*Your objective:*
From first line to last, copy the listing exactly and omit its pictures.

*Given information:*
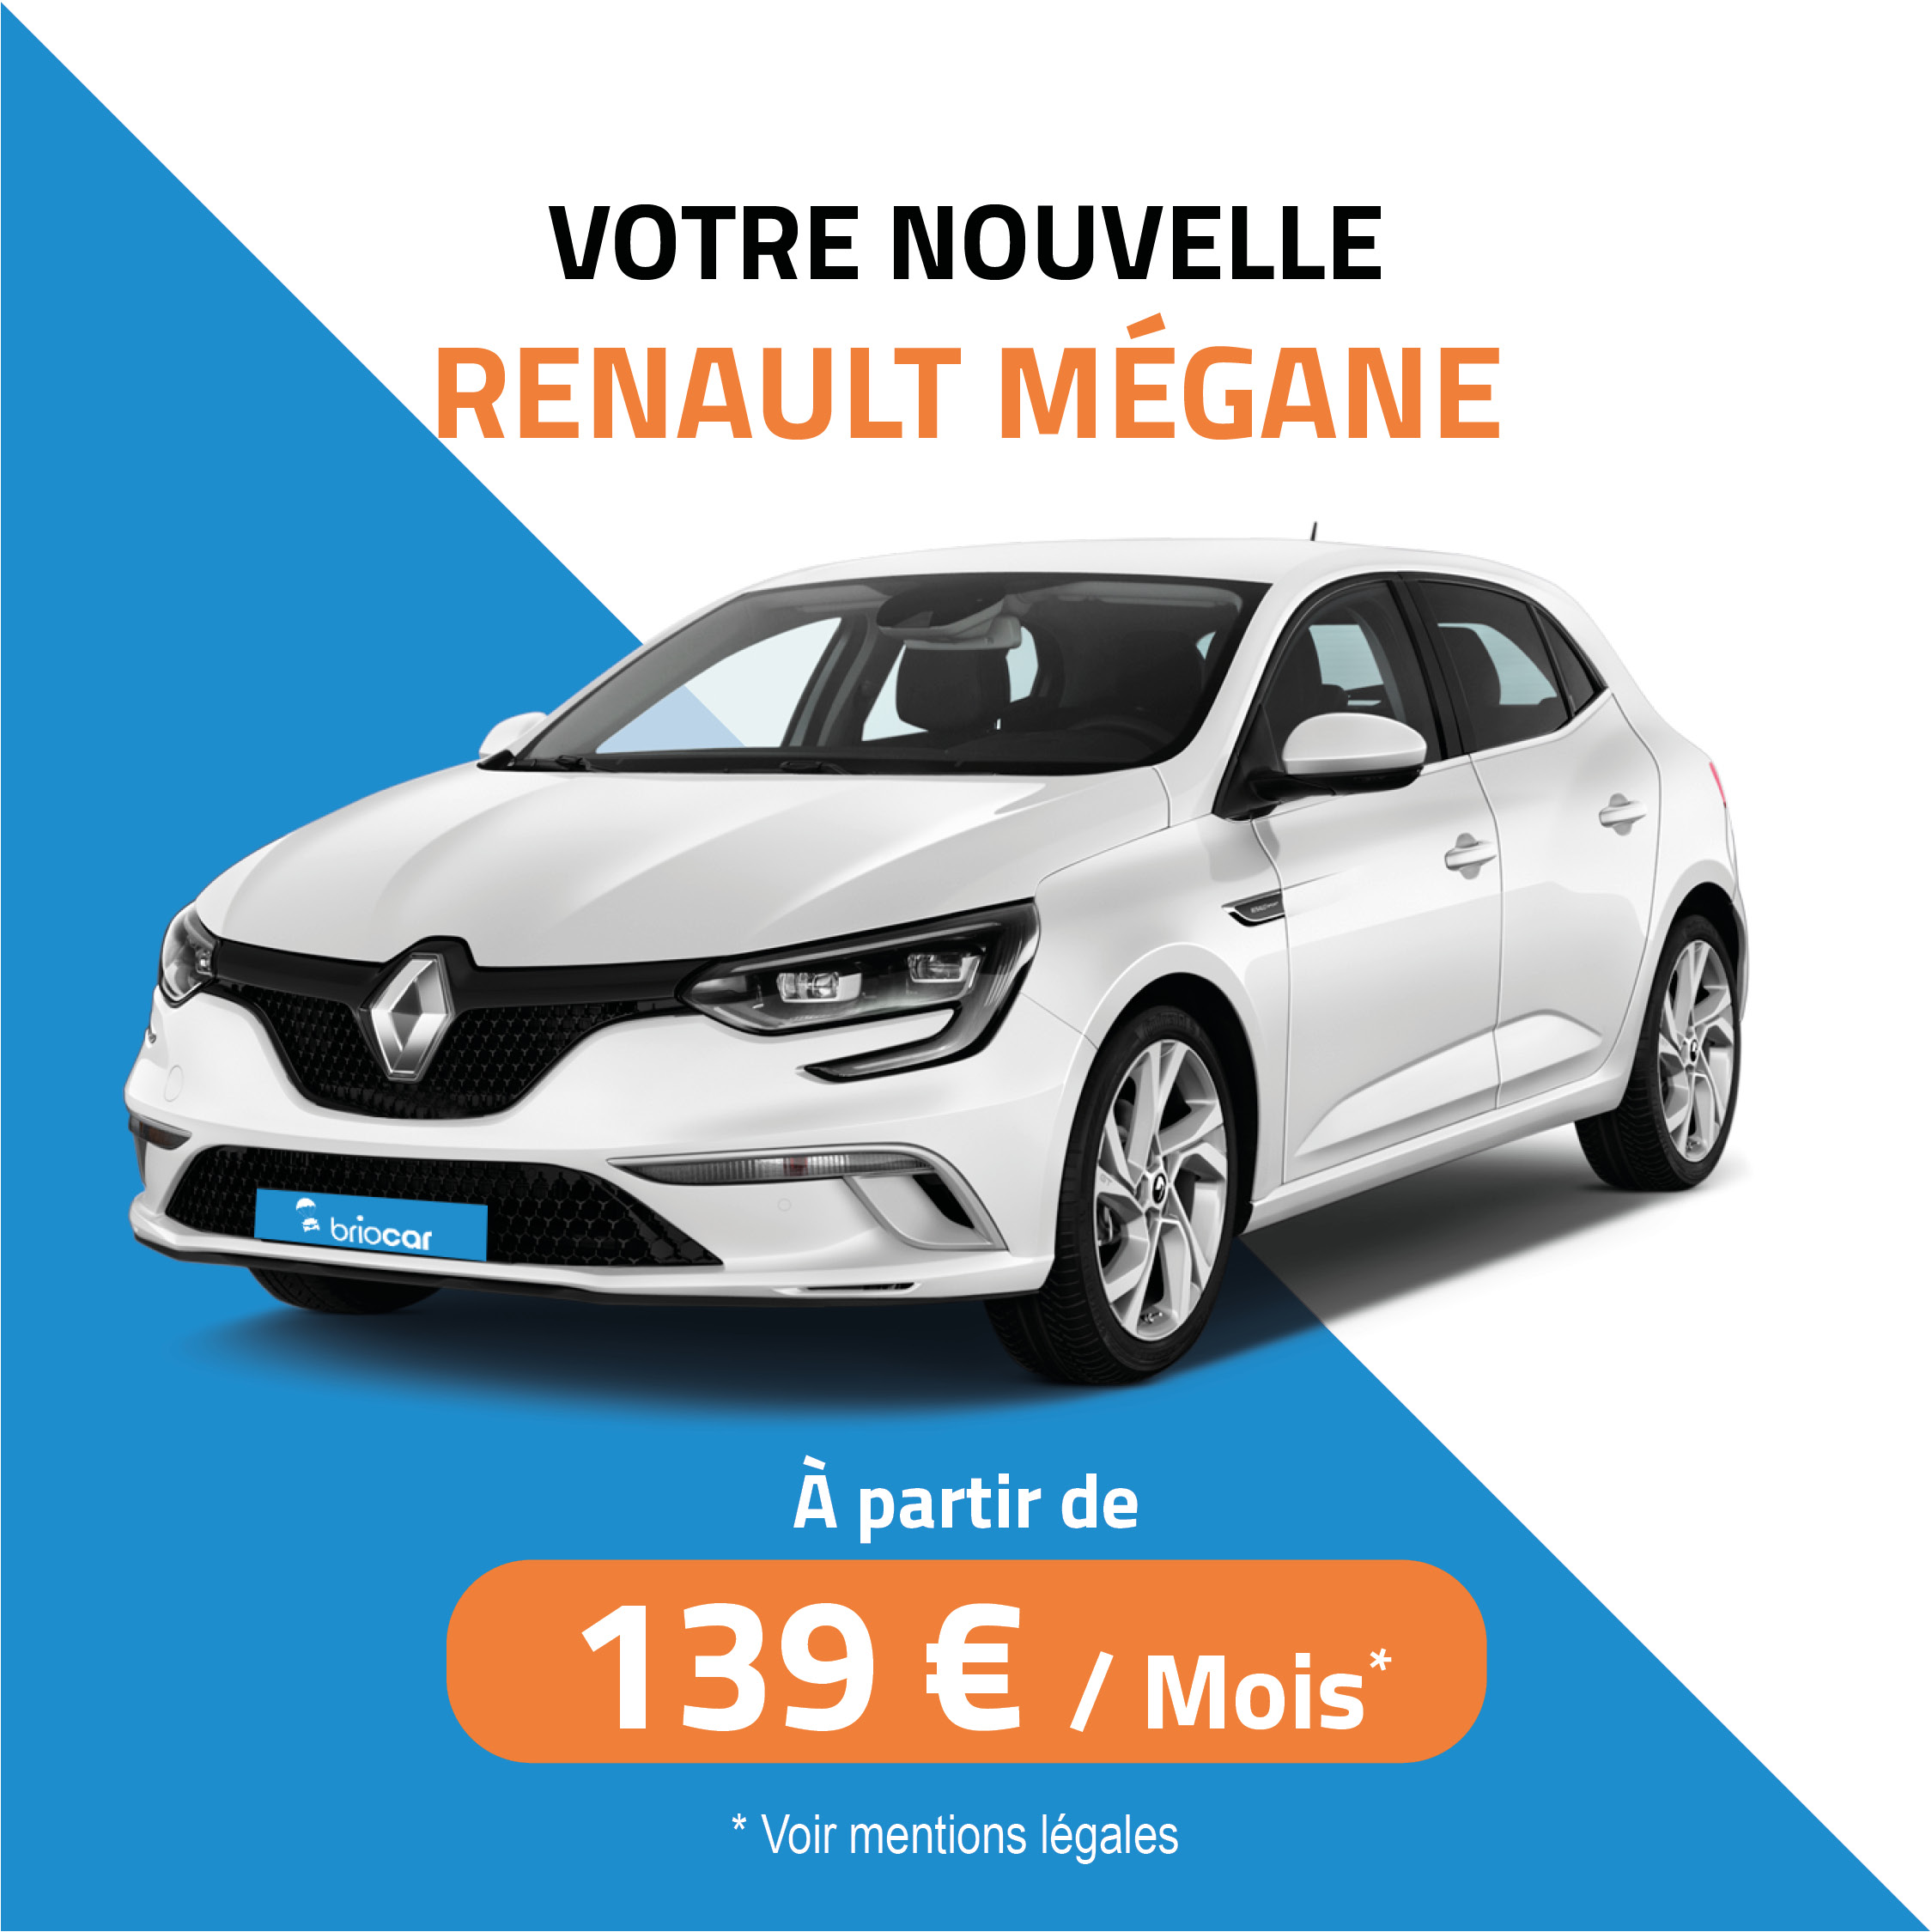 Renault Mégane LOA
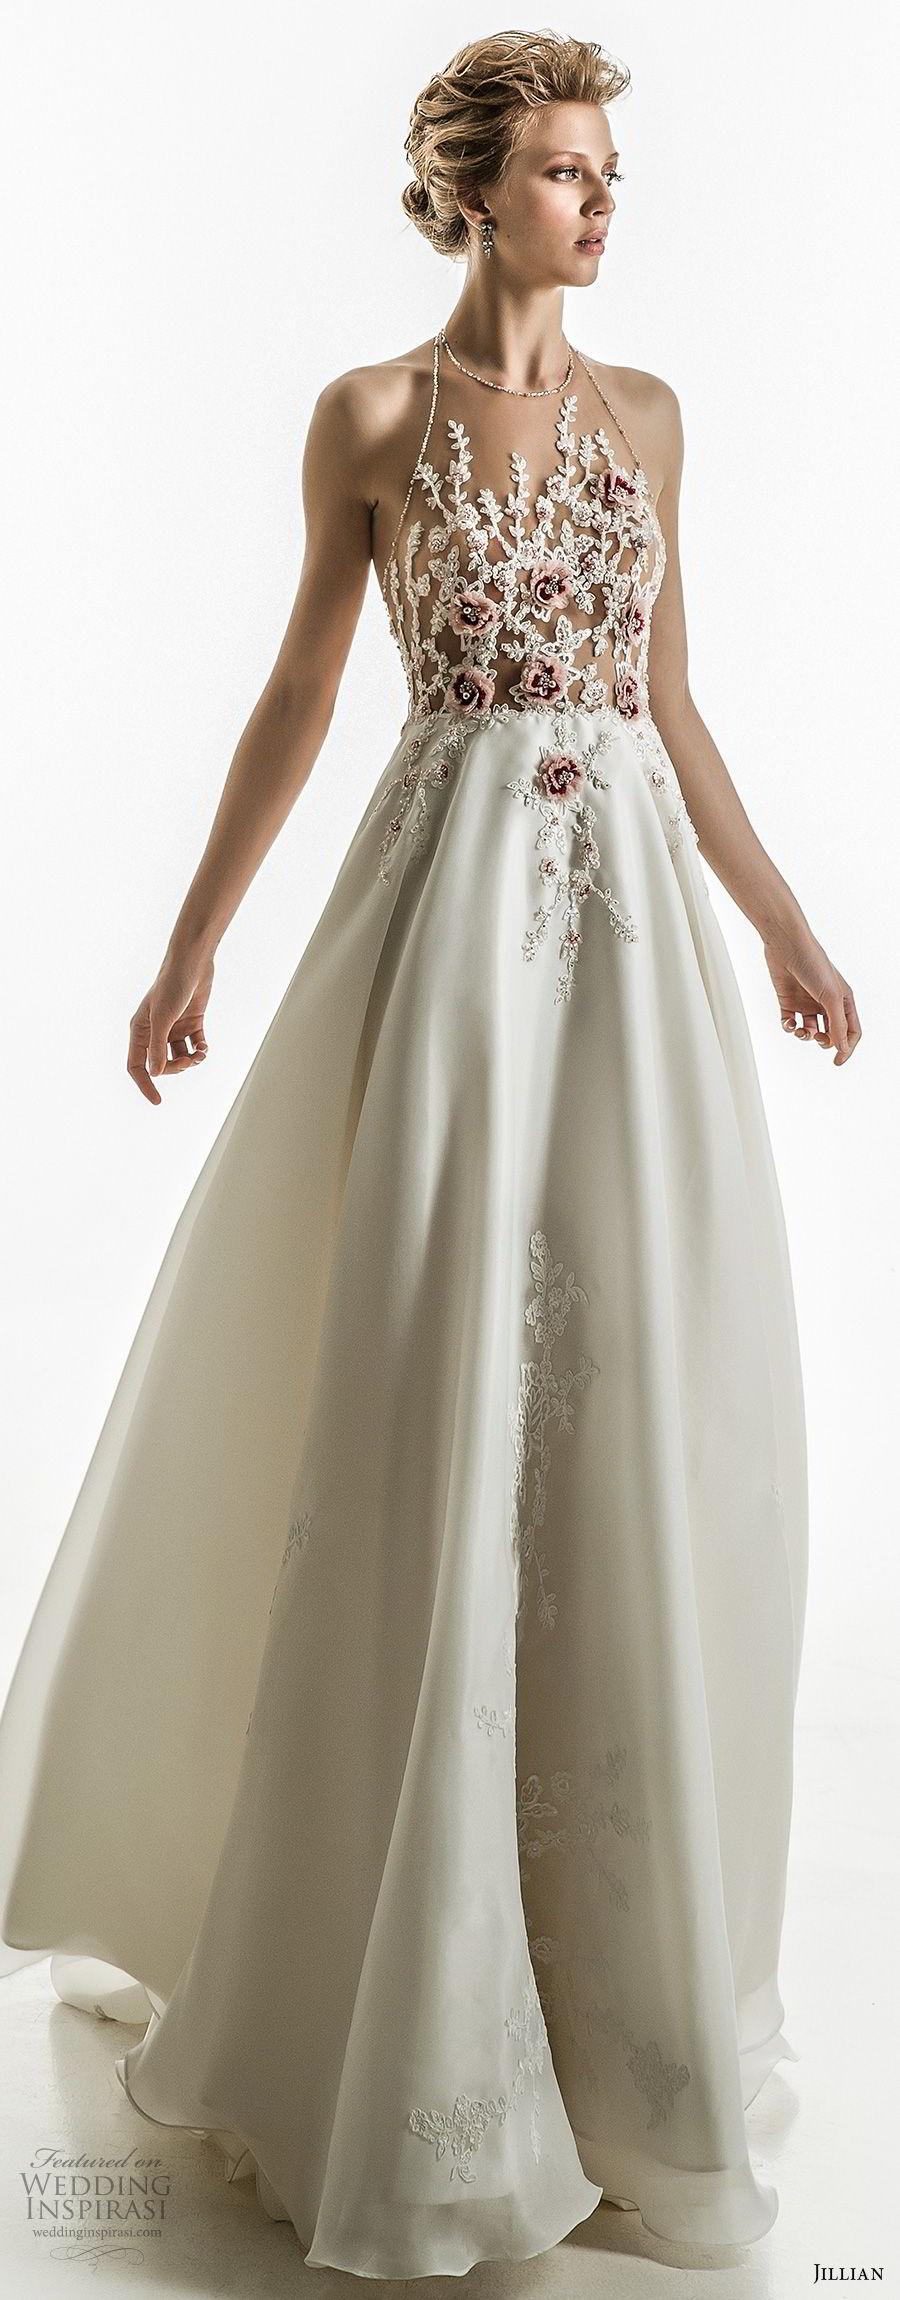 jillian 2018 bridal sleeveless halter neck heavily embellished bodice flowy skirt romantic a  line wedding dress open back chapel train (16) mv
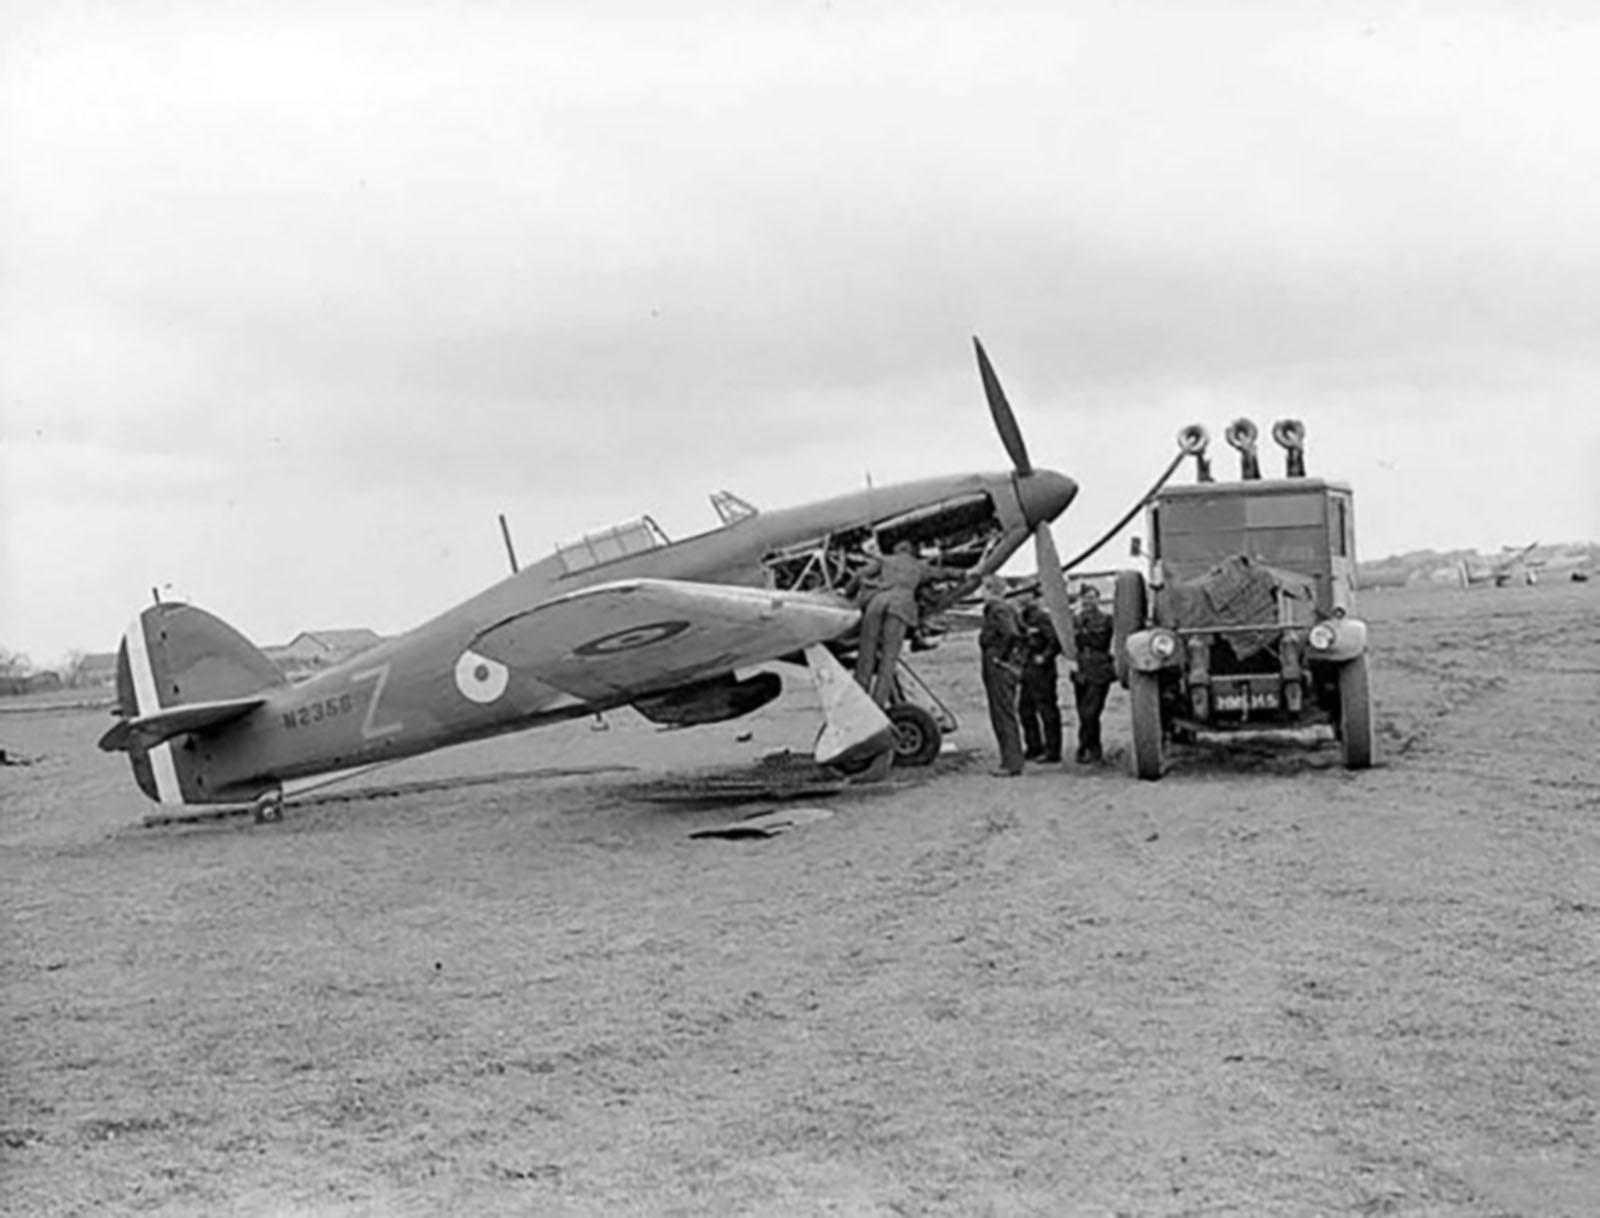 Hawker Hurricane I RAF 1Sqn Z N2358 engine check Vassincourt France 1940 01
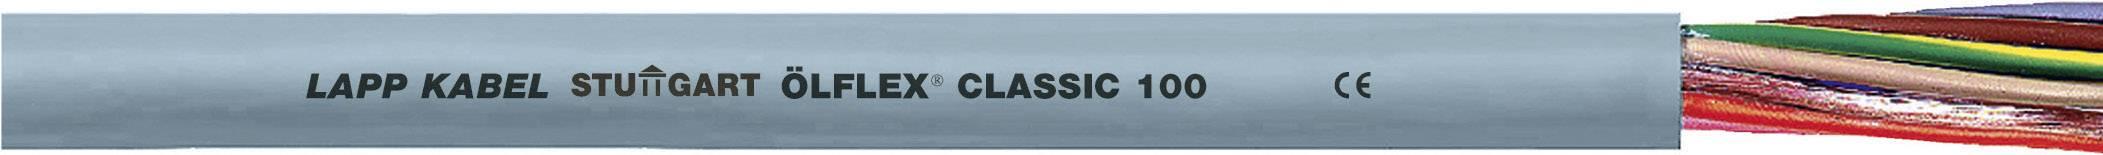 Kabel LappKabel Ölflex CLASSIC 100 3G25 (0010303), PVC, 23 mm, 750 V, šedá, 1000 m

*Result of this task:*
 Renault Mégane LOA
 jillian 2018 bridal sleeveless halter neck heavily embellished bodice flowy skirt romantic a  line wedding dress open back chapel train (16) mv
 Hawker Hurricane I RAF 1Sqn Z N2358 engine check Vassincourt France 1940 01
 Kabel LappKabel Ölflex CLASSIC 100 3G25 (0010303), PVC, 23 mm, 750 V, šedá, 1000 m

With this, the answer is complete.